__Your task__: Set down, word for word, the line with "Atz's Ice Cream" and the lines after it through the final line of the data below, without pictures.

__Given material__:
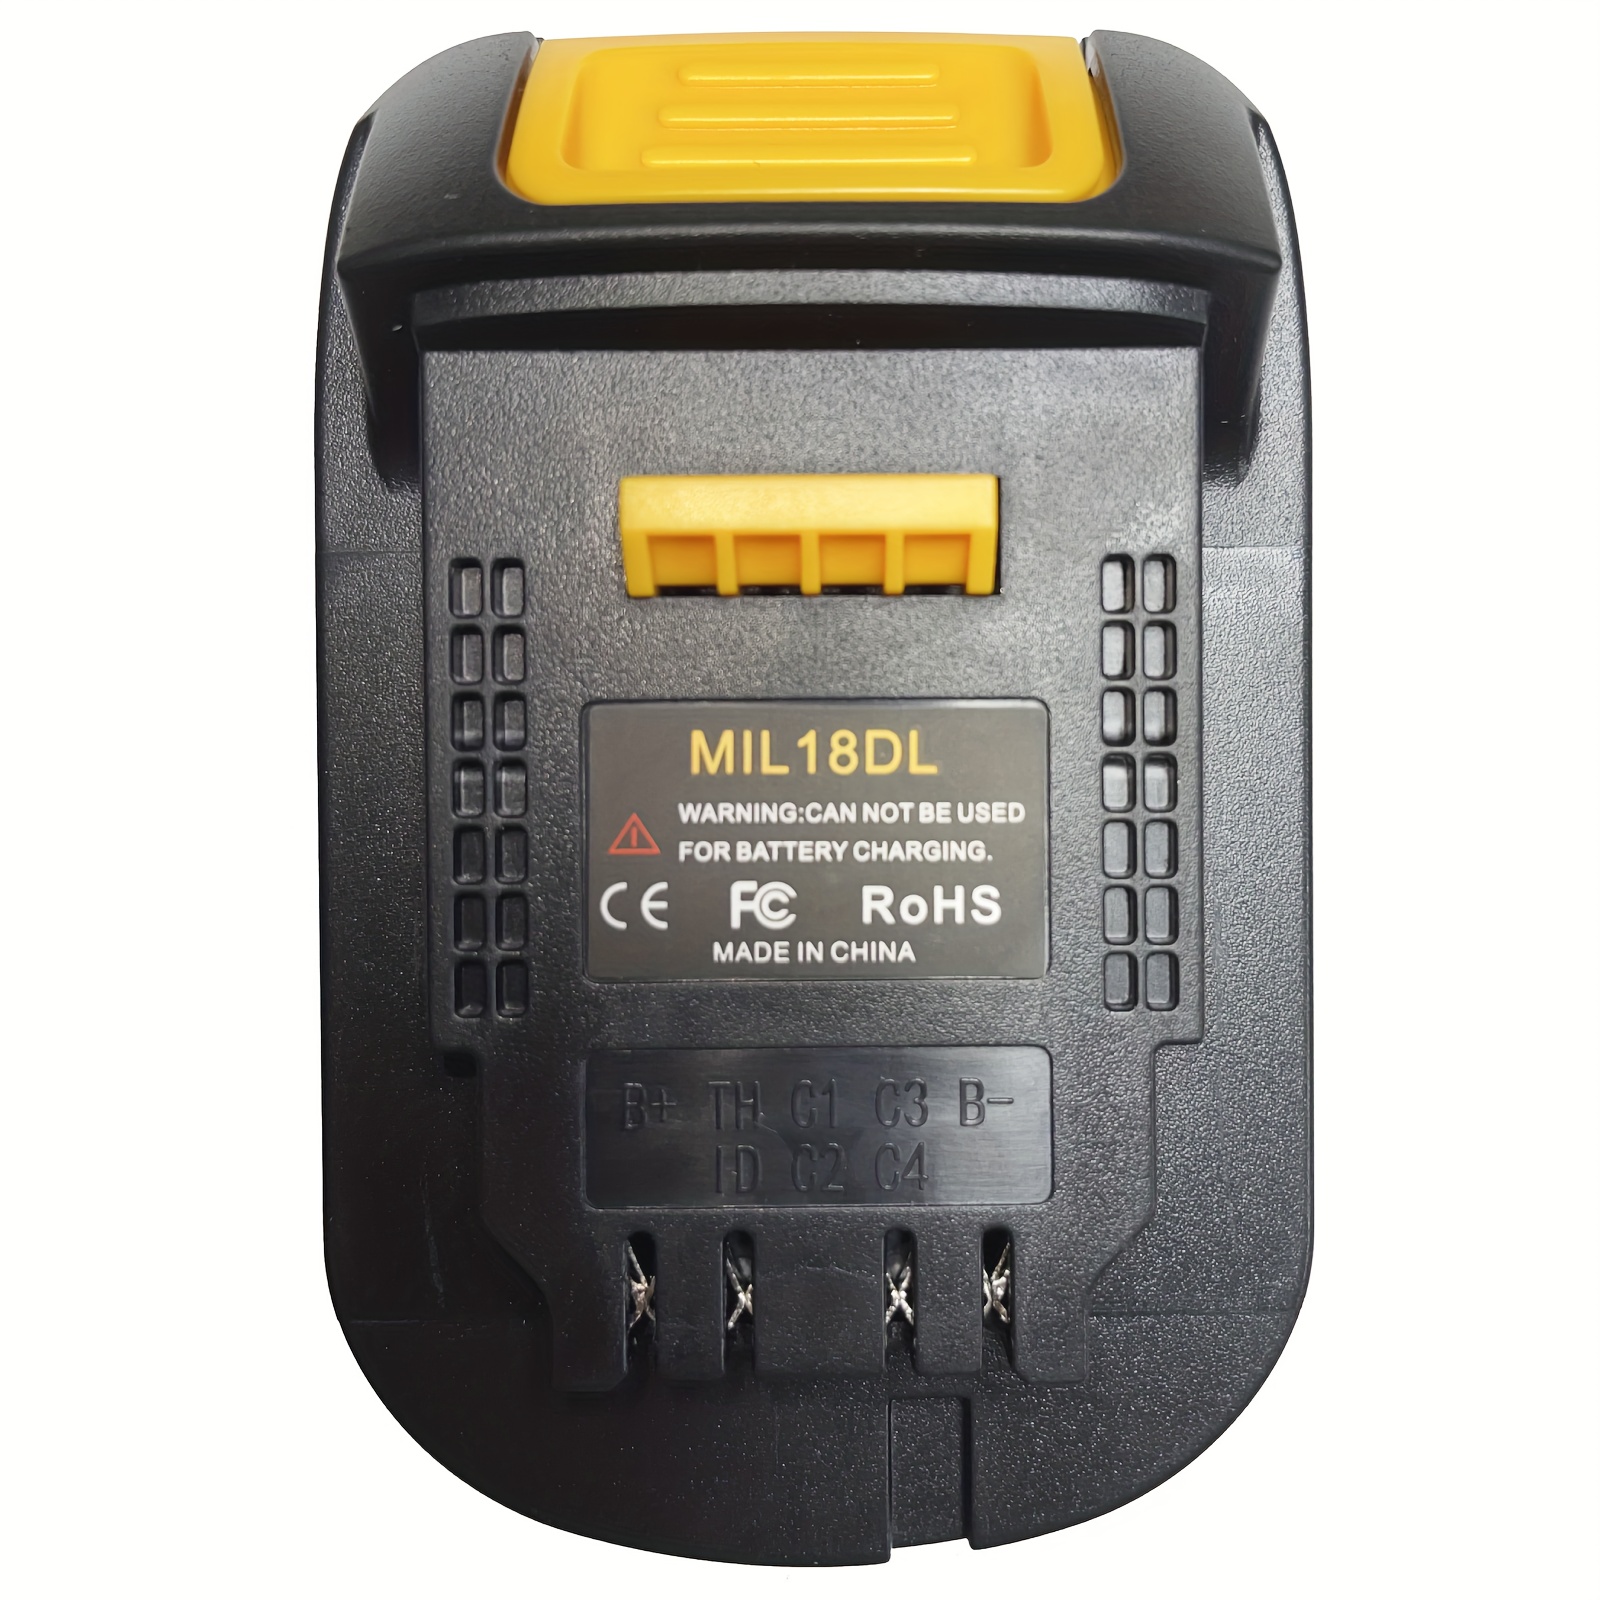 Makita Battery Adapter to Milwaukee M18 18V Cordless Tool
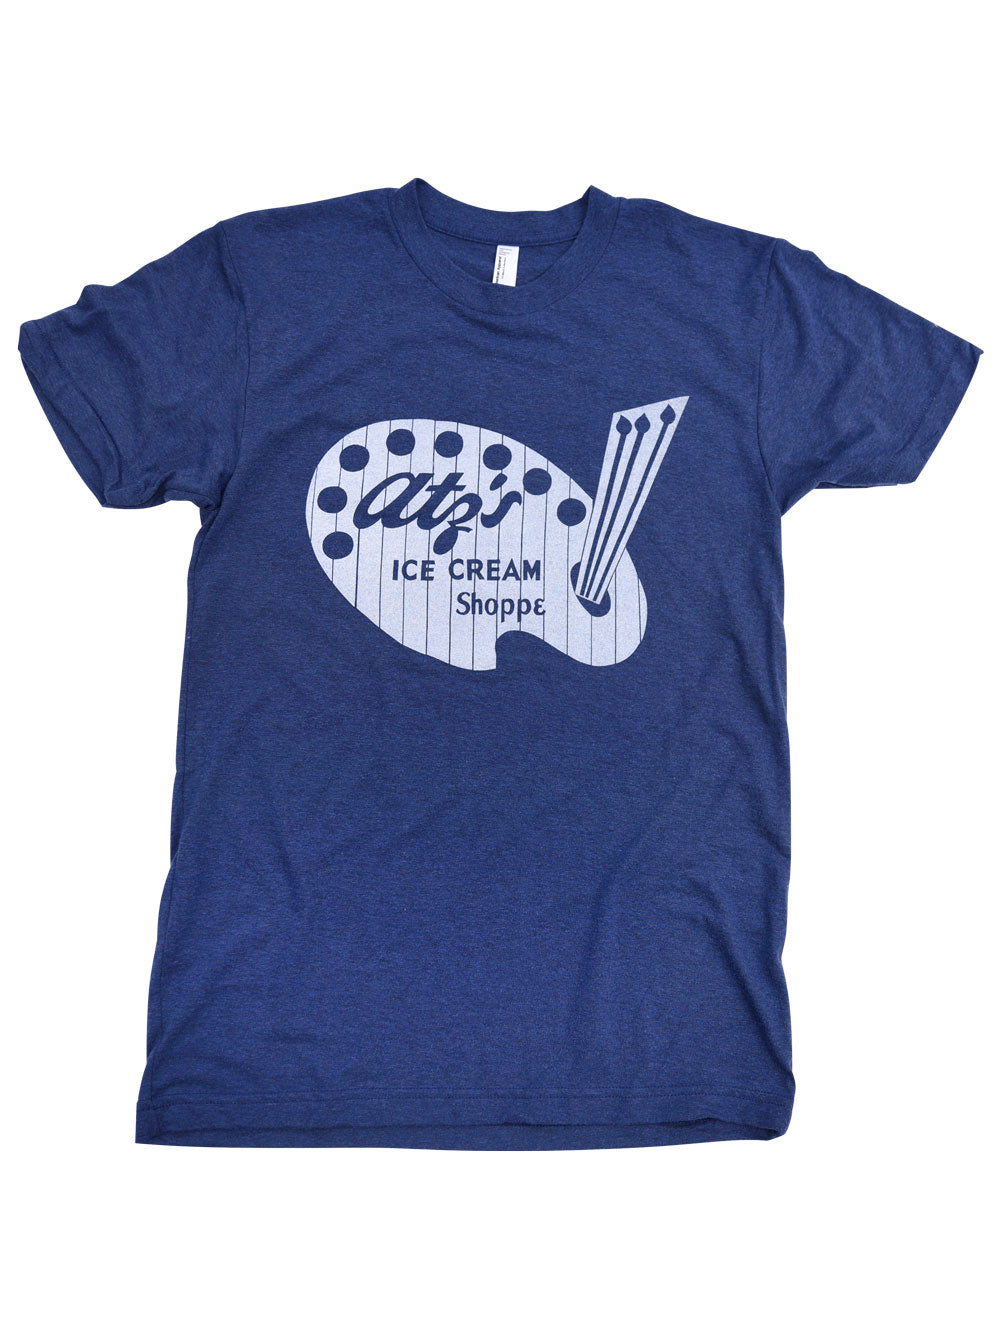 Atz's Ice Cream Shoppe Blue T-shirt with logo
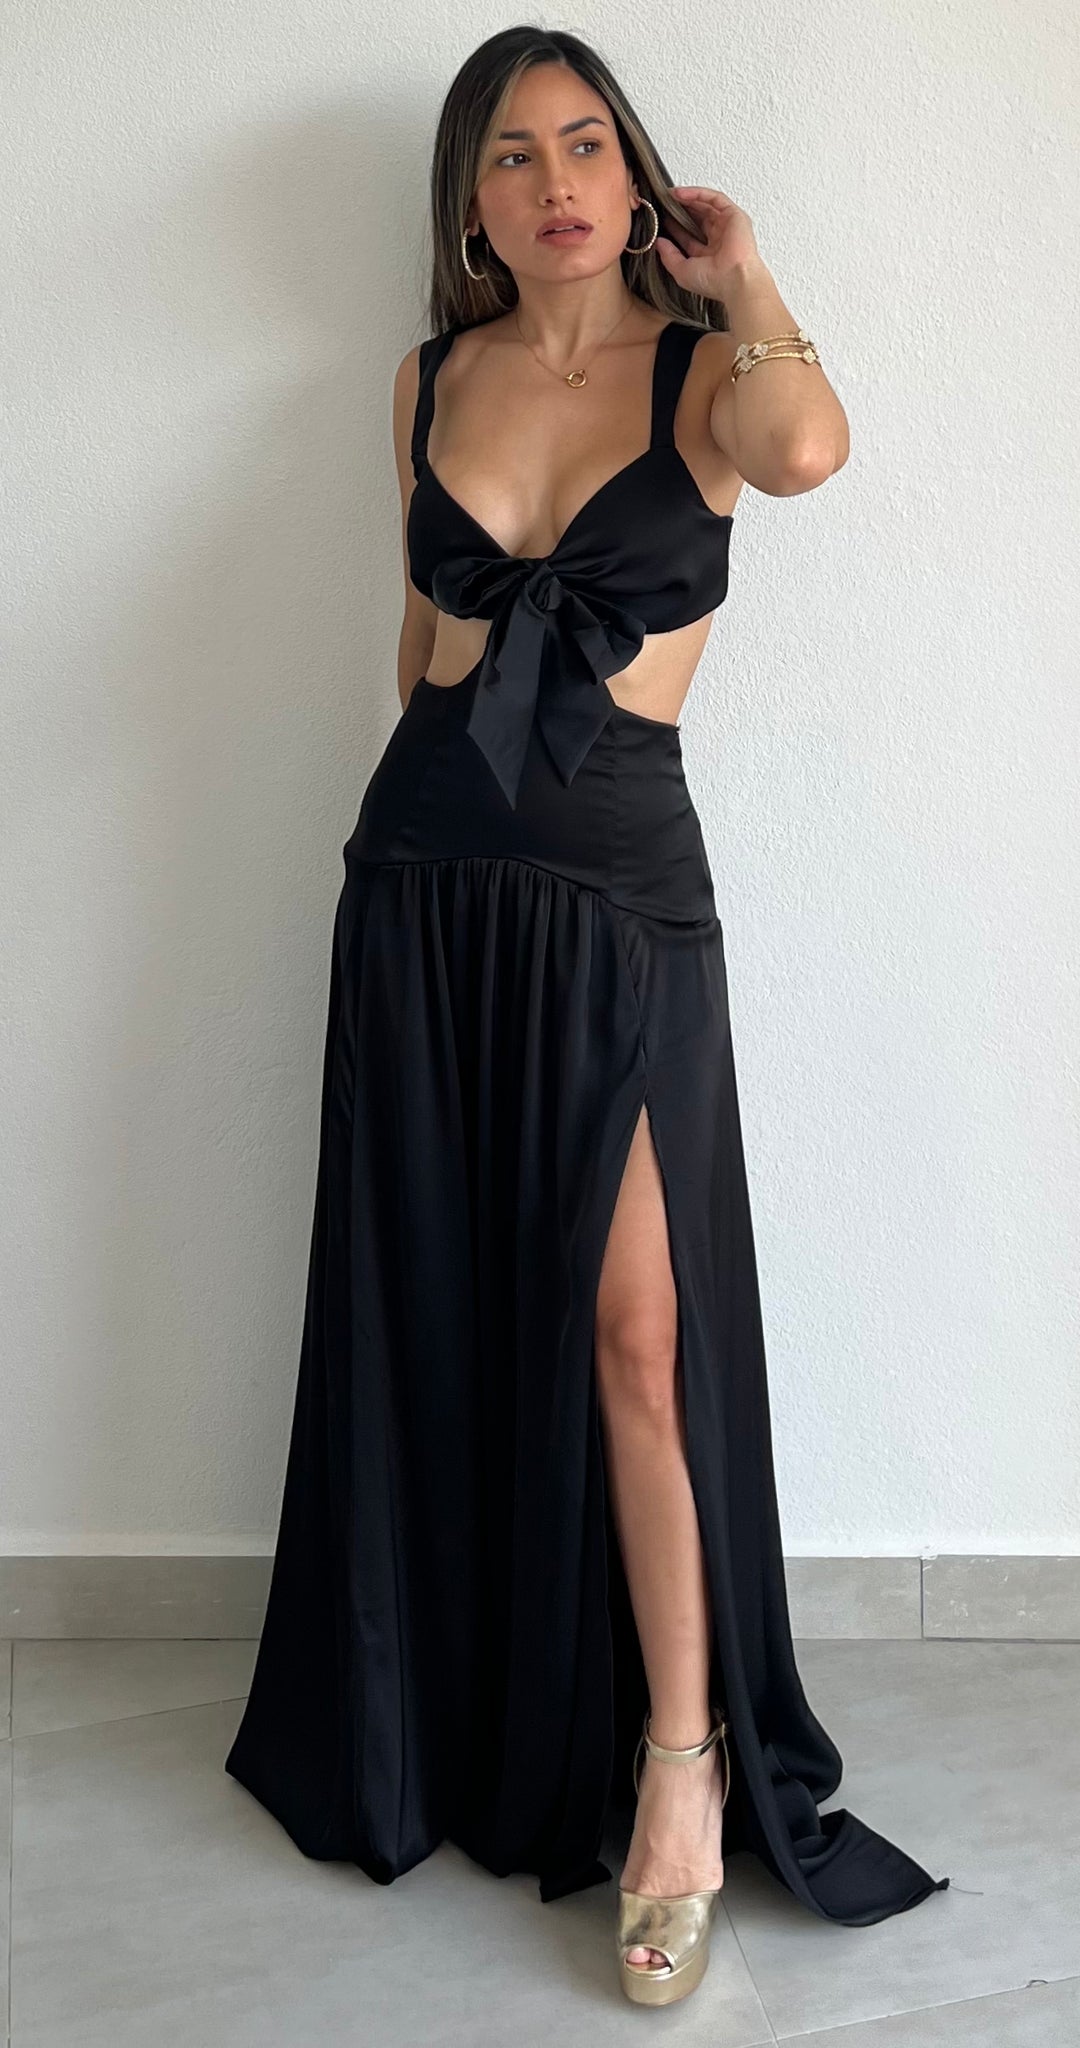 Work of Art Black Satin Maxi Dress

__Exercise response__:
 Atz's Ice Cream Shoppe Blue T-shirt with logo
 Work of Art Black Satin Maxi Dress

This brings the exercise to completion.